A path is made up of folder names. If the path is to a file, then the path will ends with a file name. The folders and files of a path are separated by a directory separator (e.g., /
or \
). Different operating systems use different directory separators. In R, the function file.path()
is used to fill in the directory separator. It knows which separator to use for the operating system it is running on.
There are a few special directory names. A single period, .
, indicates the current working directory. Two periods, ..
, indicates moving up a directory. The following image shows how ..
would be used to get a data file in the folder structure used in the project organization section.

Relative file paths.
When R starts a session, it has a location to look for other files. This path is called the current working directory, and this is often shortened to the working directory. Relative paths in a program are specified as starting at the current working directory. To print your current working directory, use the getwd()

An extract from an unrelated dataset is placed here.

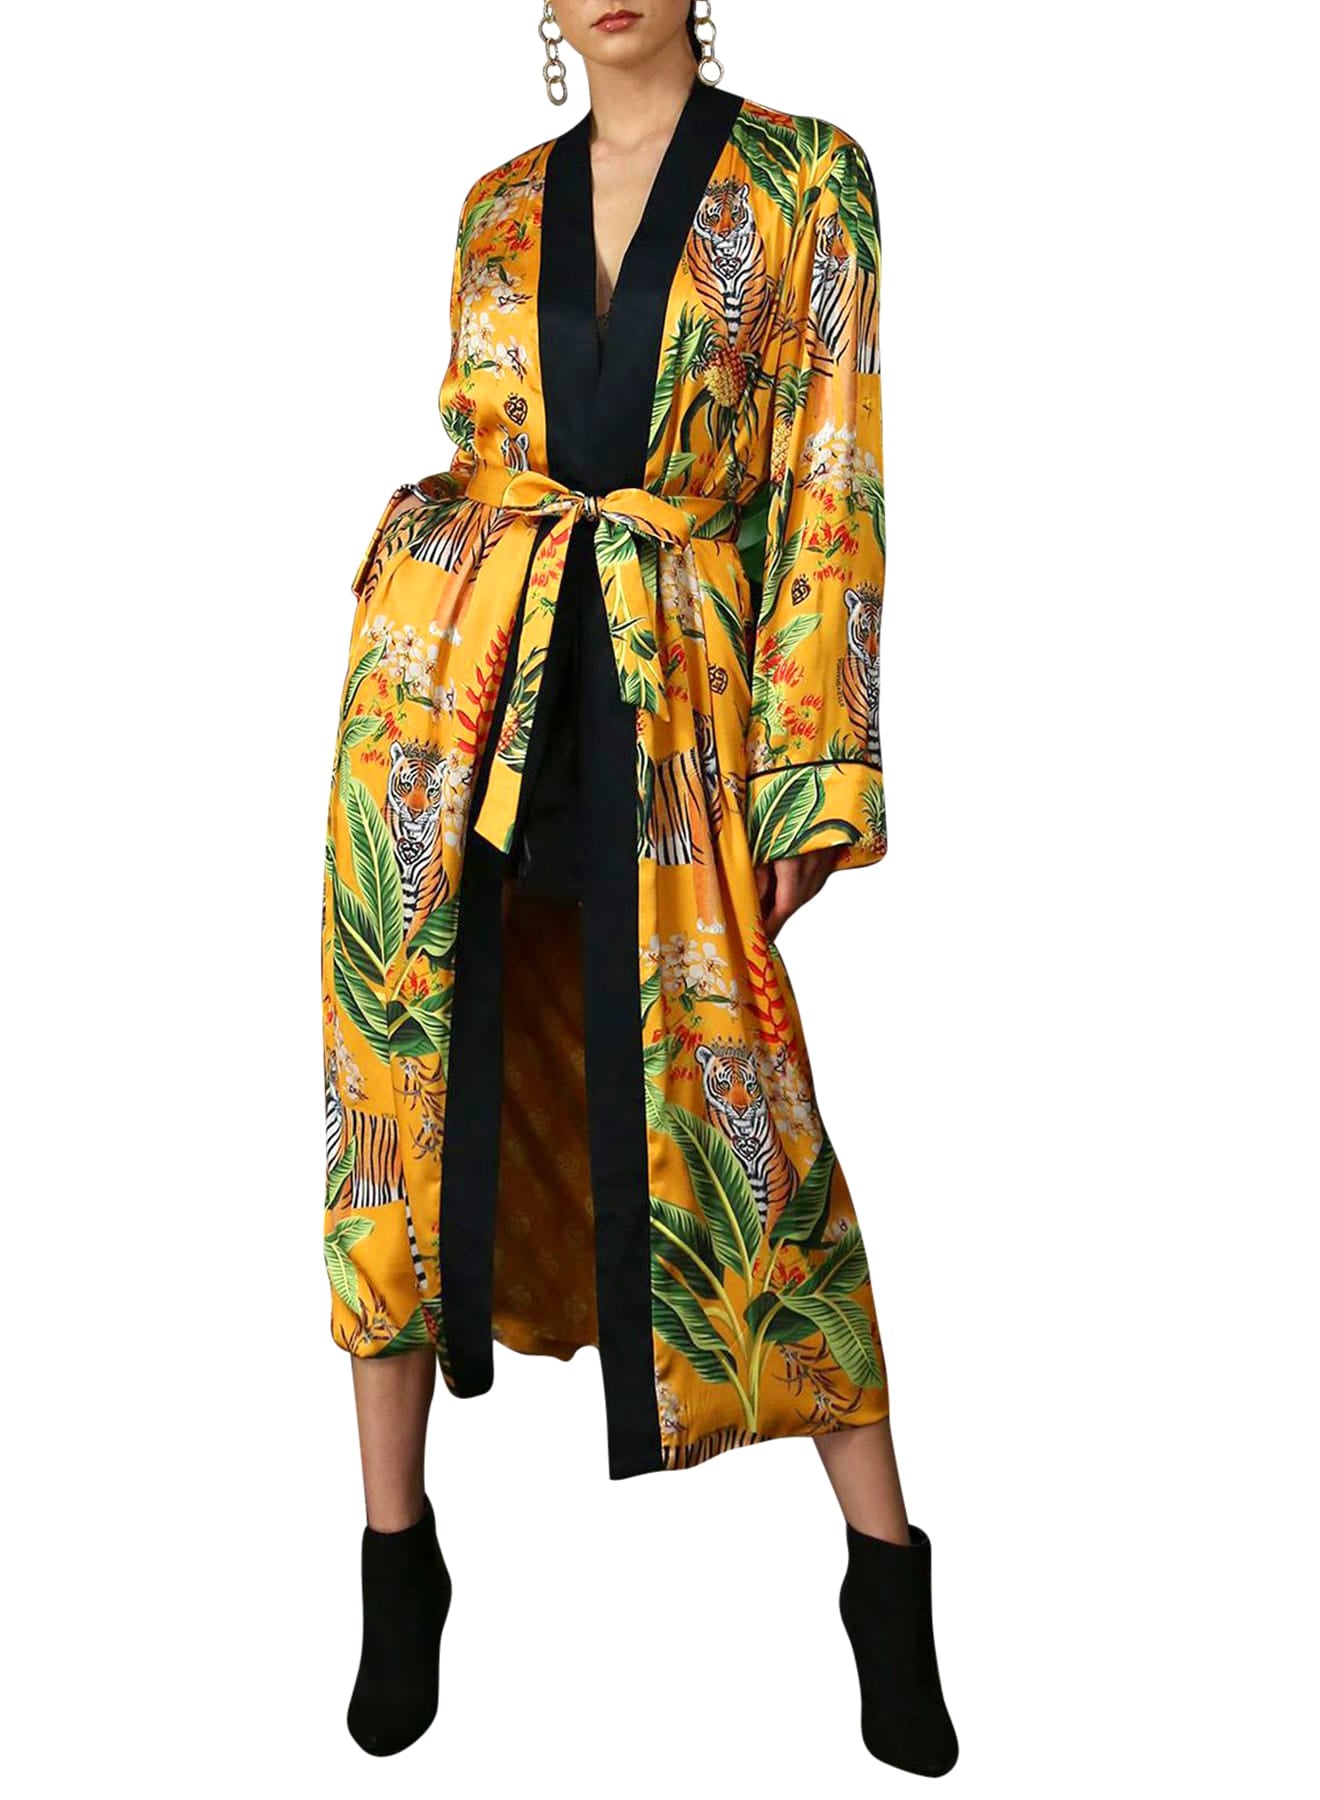 "Kyle X Shahida" "sexy silk robe" "womens kimono robes" "kimono silk robes for women" "womens long silk robe"

function. To change your working directory, supply setwd()
with a relative path in quotes (or an absolute path, but relative paths are preferred).
getwd()
[1] "U:/school/my_class"
setwd("hw_1")
In the image above, if your working directory is the folder hw_1, you can reach the data1.csv file with the path “../data/data1.csv”. This path could be given to read.csv()
(or another data-reading function) to read in the data, or to write.csv()
to write over the file.
You can also have file.path()
create file paths for you:
data_path <- file.path("..", "data", "data1.csv")
data_path
[1] "../data/data1.csv"
And then use the objects created by file.path()

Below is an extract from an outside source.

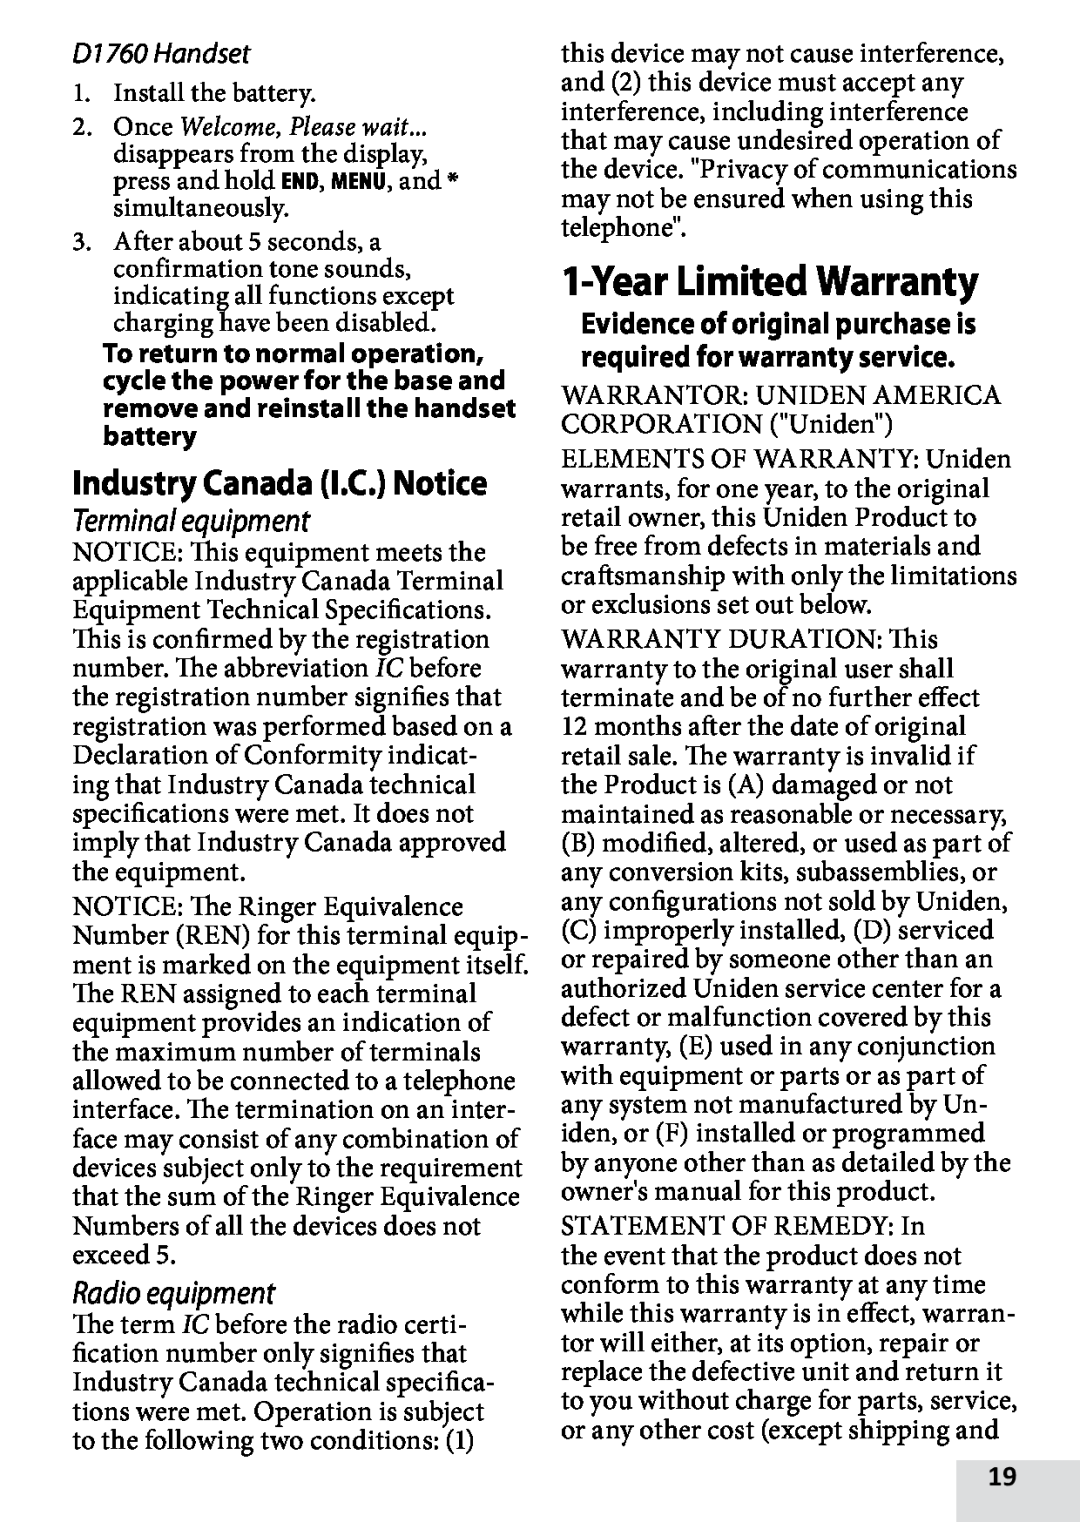 Uniden D1760-11, D1760-12, DRX100 YearLimited Warranty, Industry Canada I.C. Notice, Terminal equipment, Radio equipment

to make reading and writing files simpler:
read.csv(data_path)
# create a partial path so we can customize the file name
data_folder <- file.path("..", "data")
# path is "../data/data1.csv"
read.csv(file.path(data_folder, "data1.csv"))

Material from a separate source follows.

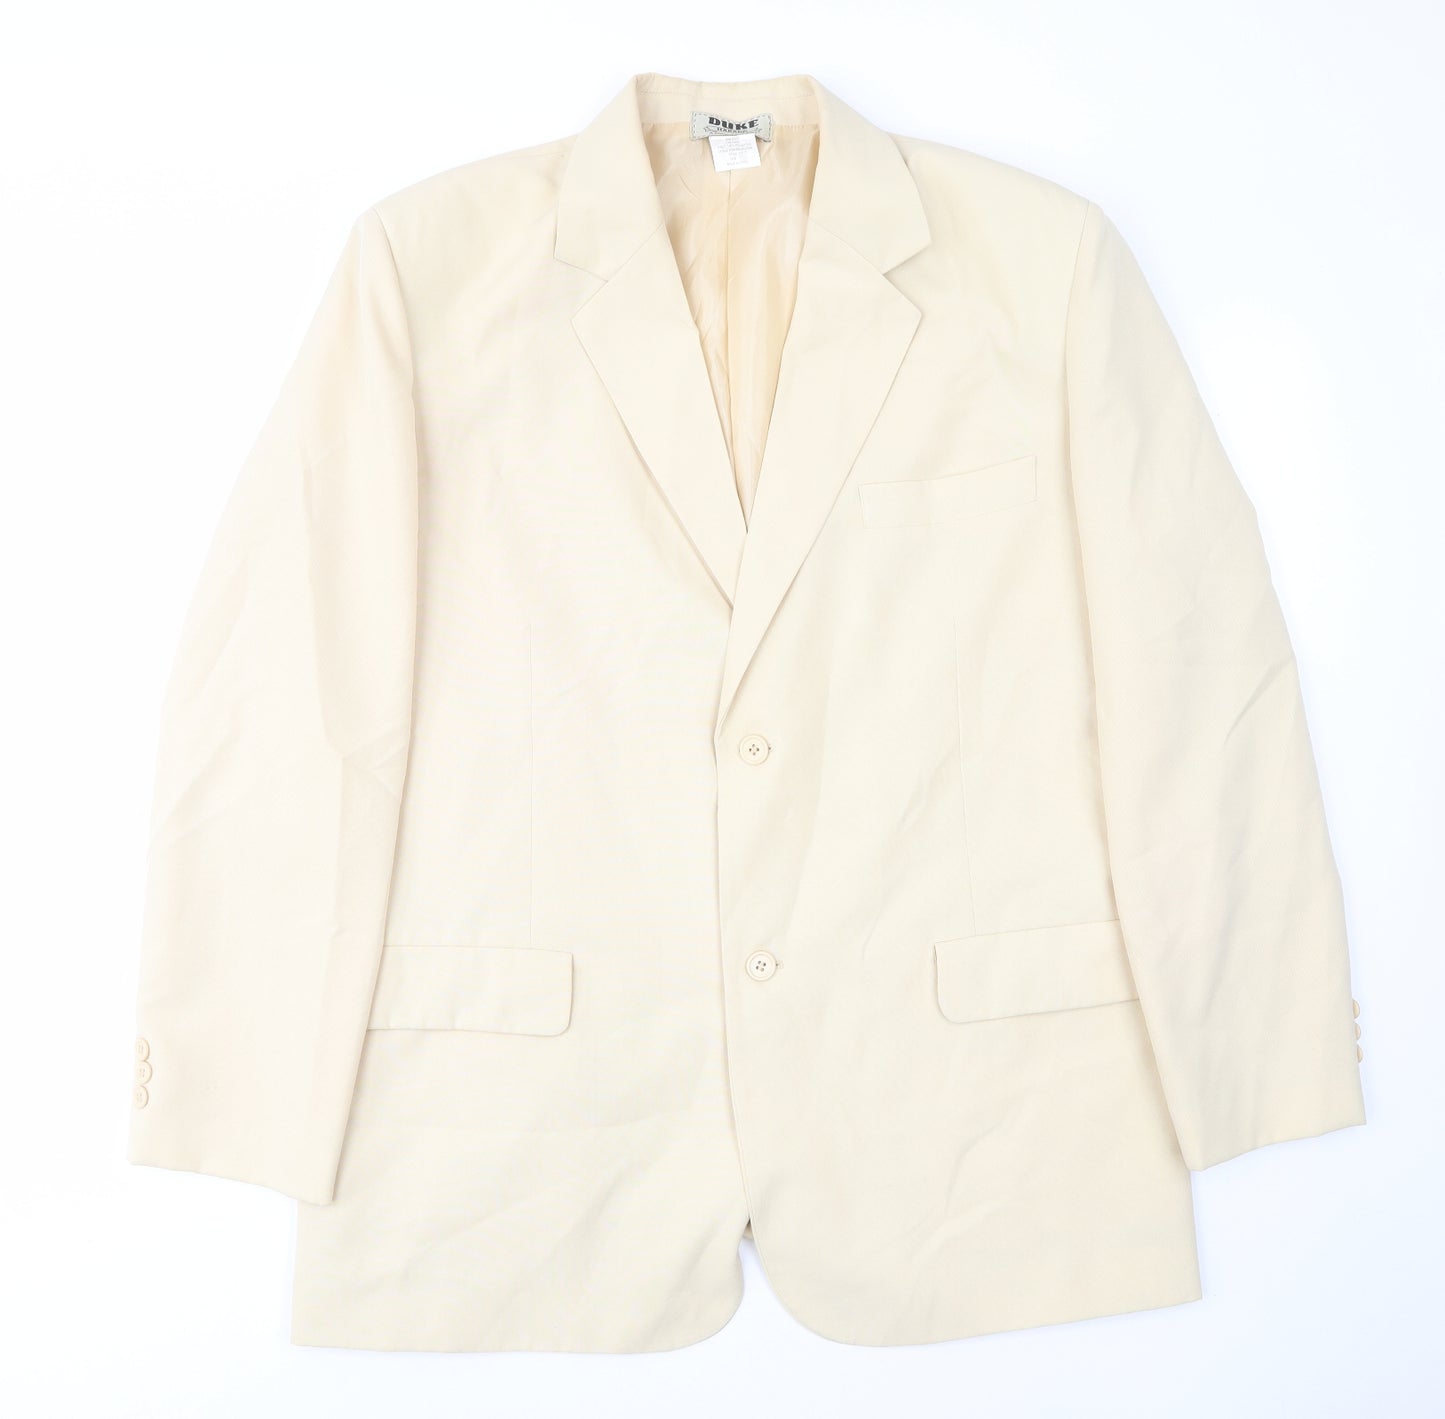 Duke Mens Ivory Polyester Jacket Suit Jacket Size 44 Regular - Pockets

# path is "../data/data2.csv"
write.csv(dat, file.path(data_folder, "data2.csv"))
10.5 Reading Exercises
Set your working directory to your Desktop.
With
dir.create()
, create a folder called “Project”. Then, inside of “Project”, create three folders: “Data_raw”, “Data_formatted”, and “Scripts”.Download a dataset from the Census (try not to pick a CSV file) and drag-and-drop it into the Data_raw folder.
Set your working directory to the Scripts folder.
Create a new R script and save it in Scripts.
Without changing your working directory from Scripts, read in your downloaded file from Data_raw and then save it as a CSV file to Data_formatted. Save these commands in your R script.
This is the beginning of a well-organized project!